A question about a RF Differential RF Amplifier (AD8352)

Hi all,
My question is about the matching for a Differential RF Amplifier.
From the AD8352 datasheet, we can see that the input matching circuit is used to provide the input impedance match for a 50ohm system. I think the reason is for maxium power transfer for the amplifier input. When those energy meets the amplifier's high input resistance, the current will be changed to voltage.

But, when AD8352 is connected to a load, the output matching circuit can not be found between the load and amplifier's output impedance. I don't why. Without it, the energy will loss.

BTW, AD8352 input impedance is 3000ohm(+j0.9pF), output impedance is 100ohm(+3pF). The load is 200ohm or 1000ohm. If AD8325 drives AD9445 (a ADC), the AD9445 presents approximately 2 kΩ in parallel with 5 pF/differential load to the AD8352.

If the frequency is not too high, there will be a reflection but it can be neglected because of low output impedance of the amplifier.If you drive this amplifier sufficently
high (because the gain is quite high), the output swing will be rail to rail-or close to- and this will be quite proper level or ADC..
That's why, if the operating frequency is not too high, a matching network is not necessary..
But for input side, a matching network is necessary because input signal will-generally-be low and therefore maximum energy must be transferred into amplifier.

Thank you for your reply.
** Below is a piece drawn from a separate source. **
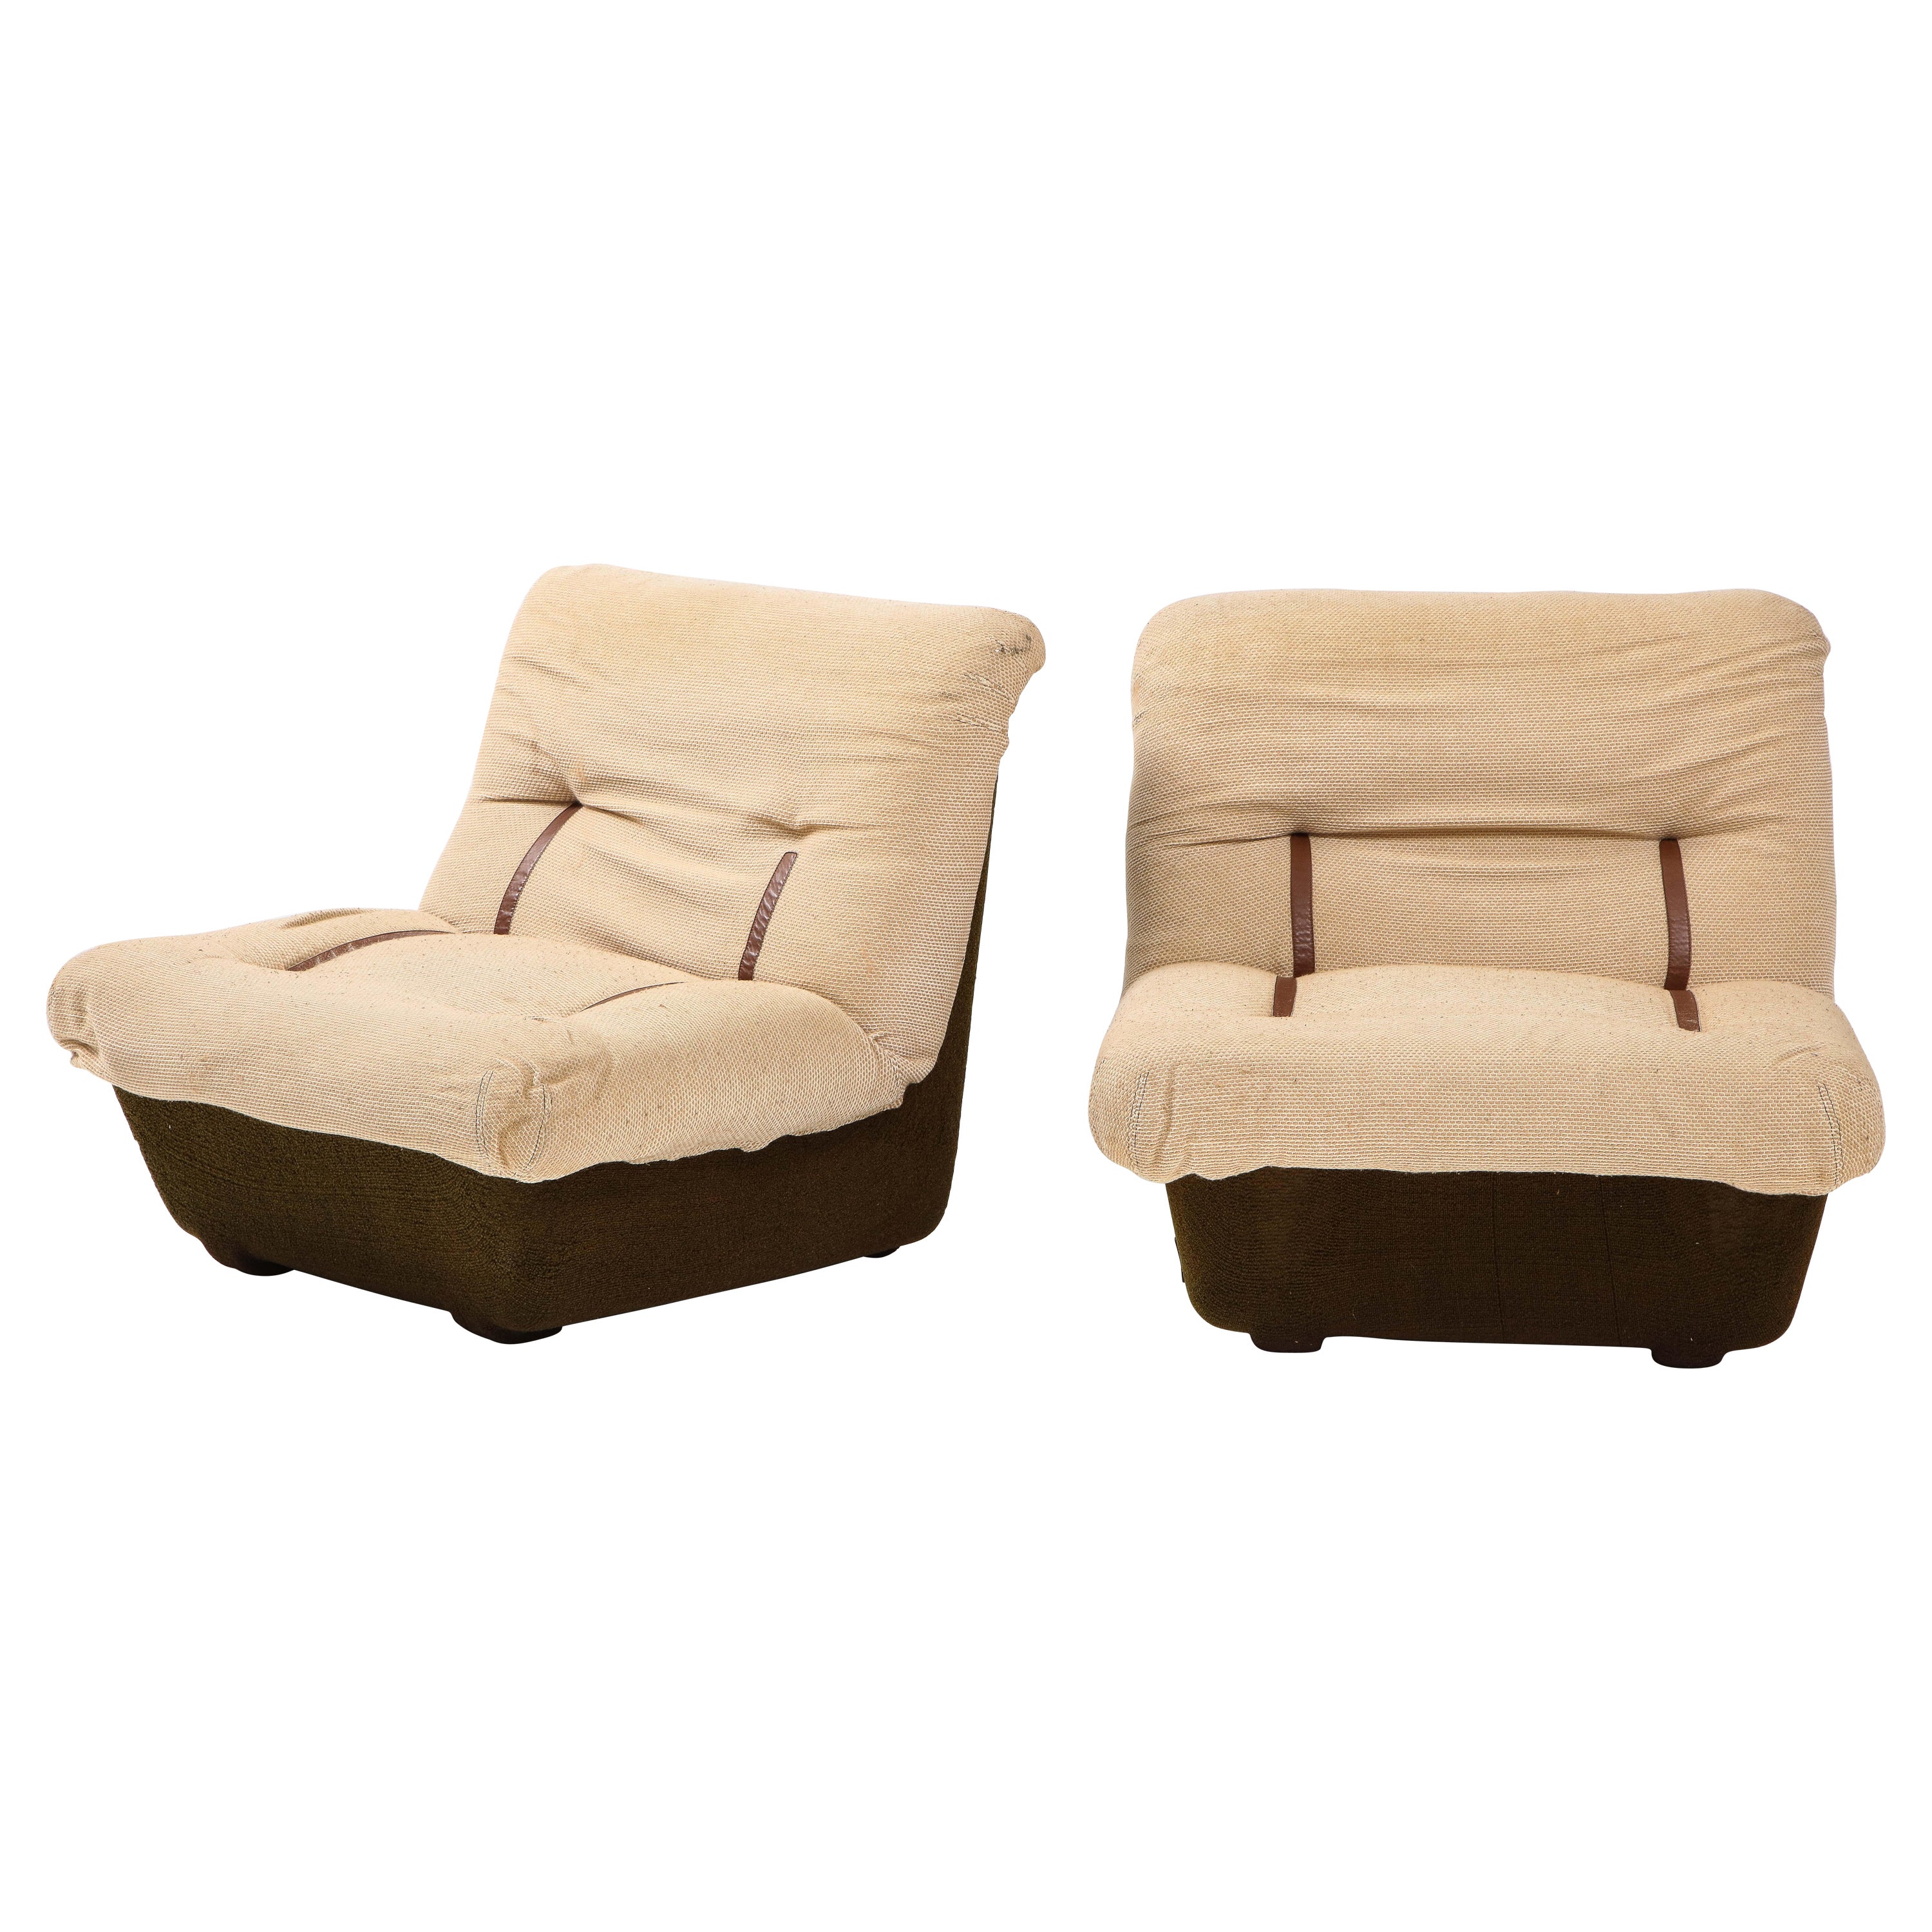 Pair of Italian 1970's Lounge Chairs by Lev & Lev For Sale

I still have some other questions... Please hlep.
If I use AD8352 to work as a RF gain block. It seems that it just amplifies voltage for its high input impedance (3000Ω) and low output impedance (100Ω), if it is connected to a high-resistance load (e.g. 200Ω or 1000Ω). Is that right ?
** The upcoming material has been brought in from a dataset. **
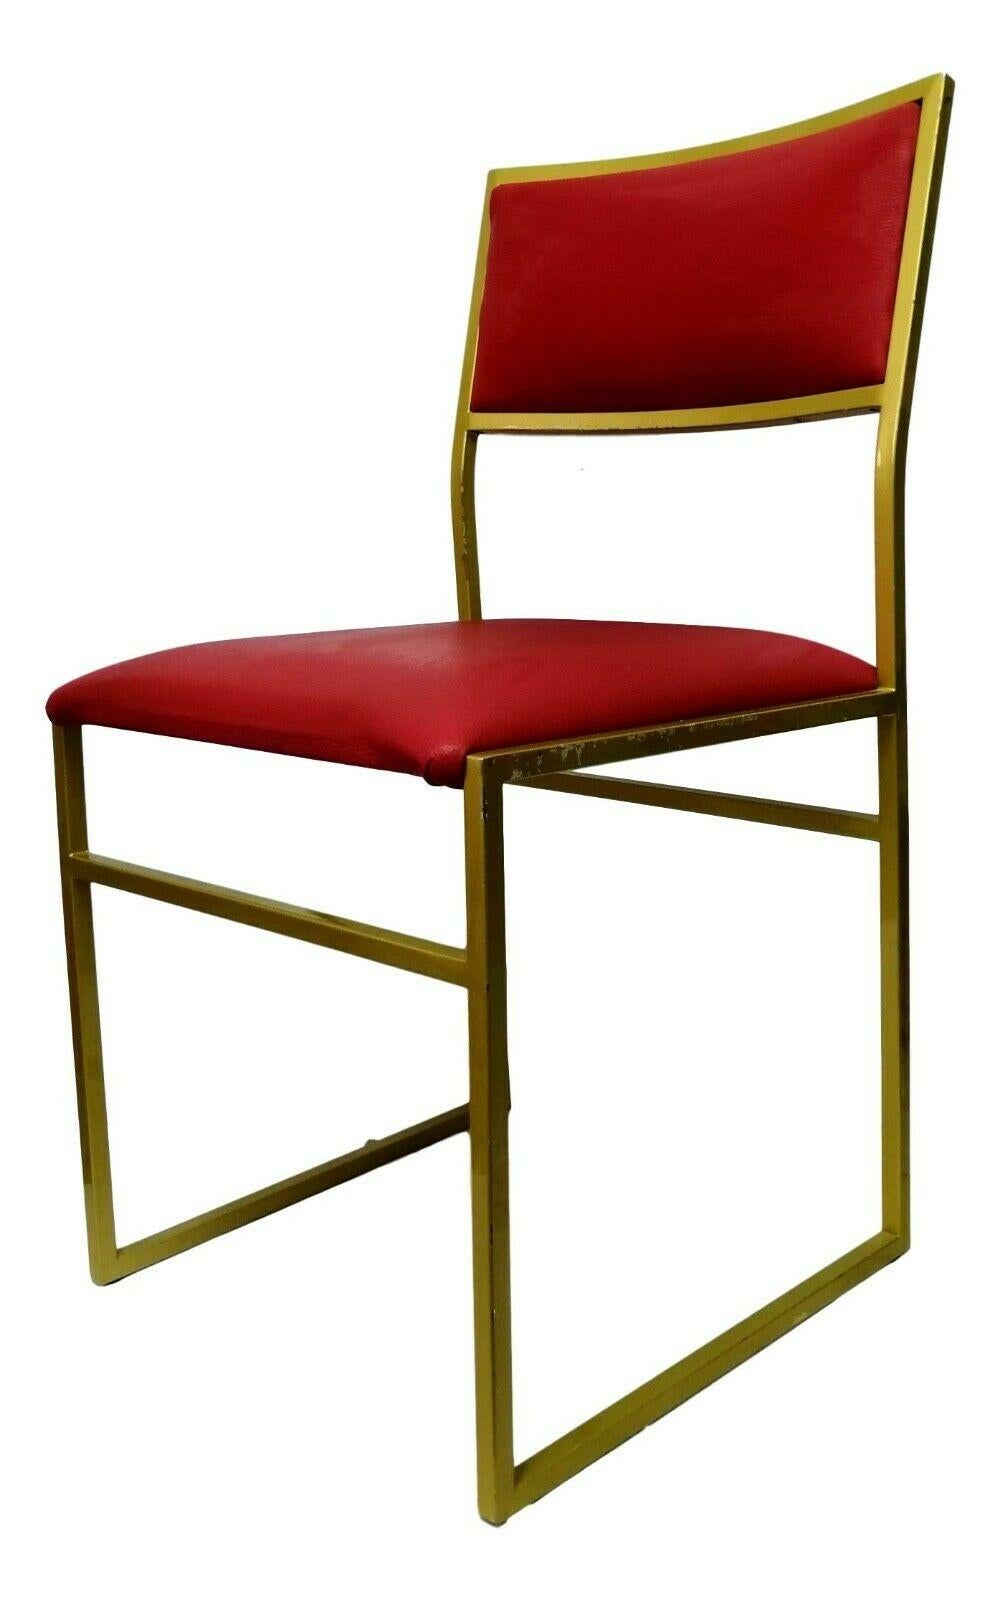 Collectible Chair in Gold Metal and Burgundy Upholstery, 1970s For Sale 2

Assuming that it can work at 2GHz to as a RF gain block, whether the output matching circuit is needed for this frequency ?
Because I want a 2-GHz Voltage Amplifier (or voltage gain block), whose input and output current can be reduced to “minimum” (almost zero).

jianke said:

Thank you for your reply. I still have some other questions... Please hlep.
If I use AD8352 to work as a RF gain block. It seems that it just amplifies voltage for its high input impedance (3000Ω) and low output impedance (100Ω), if it is connected to a high-resistance load (e.g. 200Ω or 1000Ω). Is that right ?
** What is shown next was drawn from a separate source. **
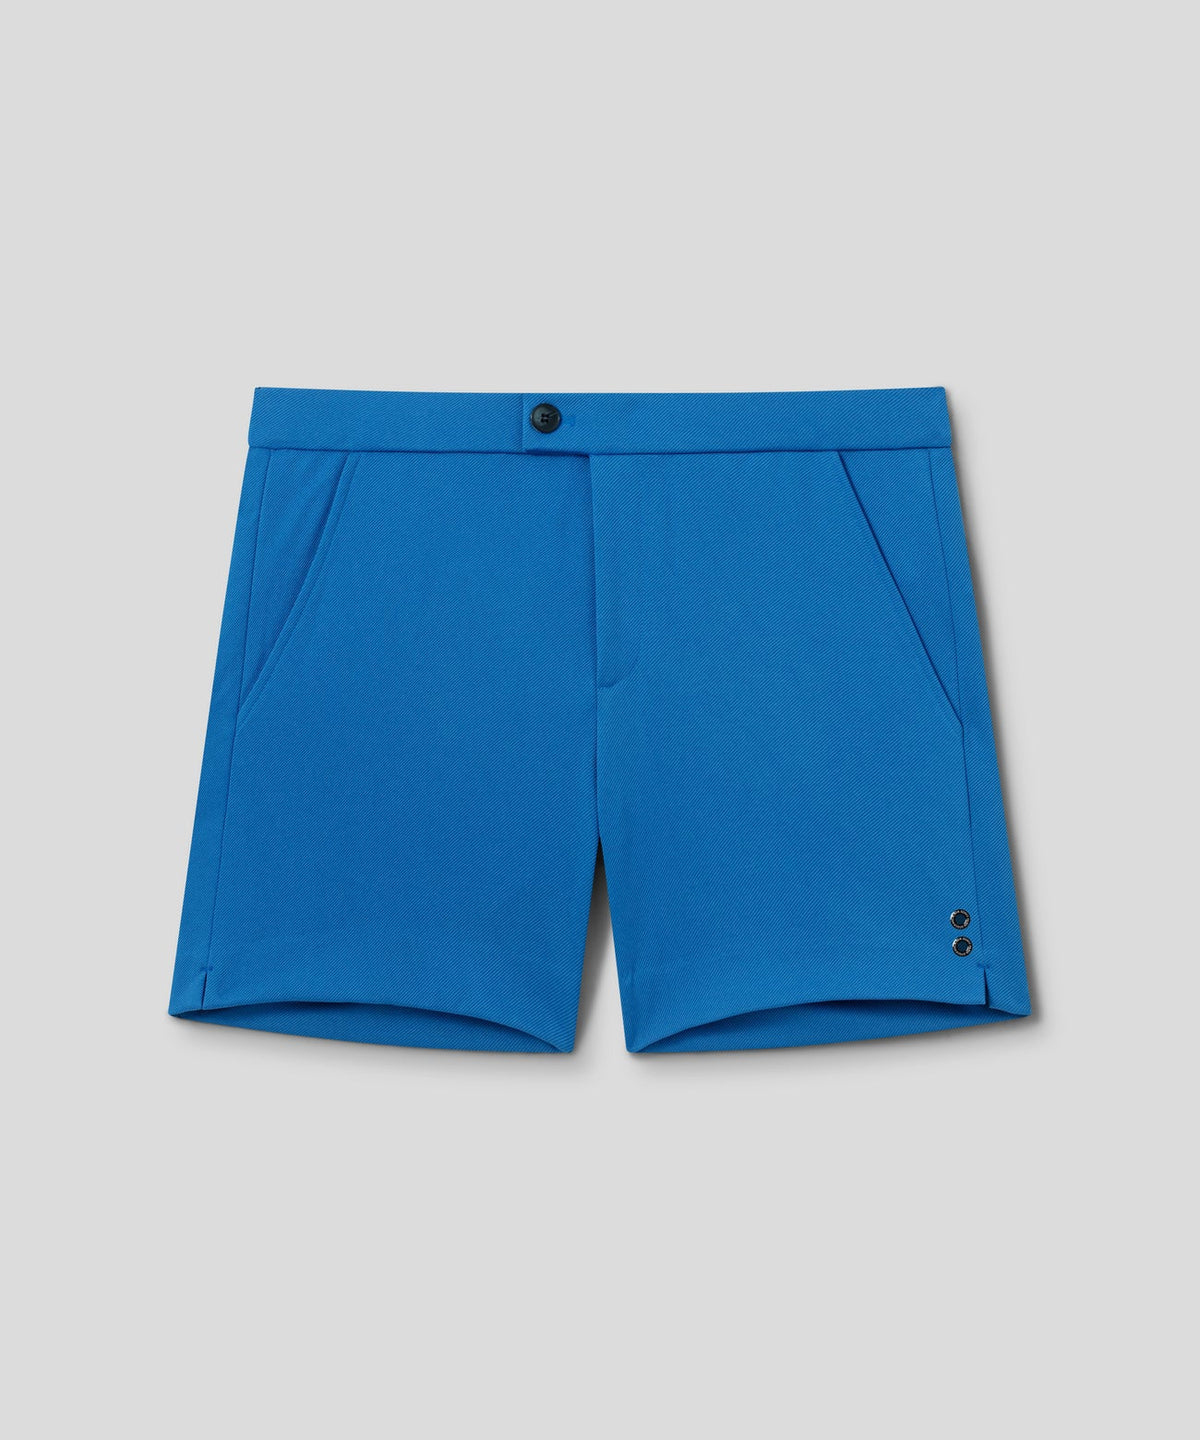 Tennis Shorts: French Blue

Assuming that it can work at 2GHz to as a RF gain block, whether the output matching circuit is needed for this frequency ?
Because I want a 2-GHz Voltage Amplifier (or voltage gain block), whose input and output current can be reduced to “minimum” (almost zero).

Click to expand...

If you work 2GHz, you can not work with this amplifier because bandwidths of these kind of amplifiers don't reach to 2GHz..Except some special and custom designed structures but not standard products..
If you wanna drive an ADC at that frequency, you should use low noise RF amplifiers and design of this circuit will take some paying of attention.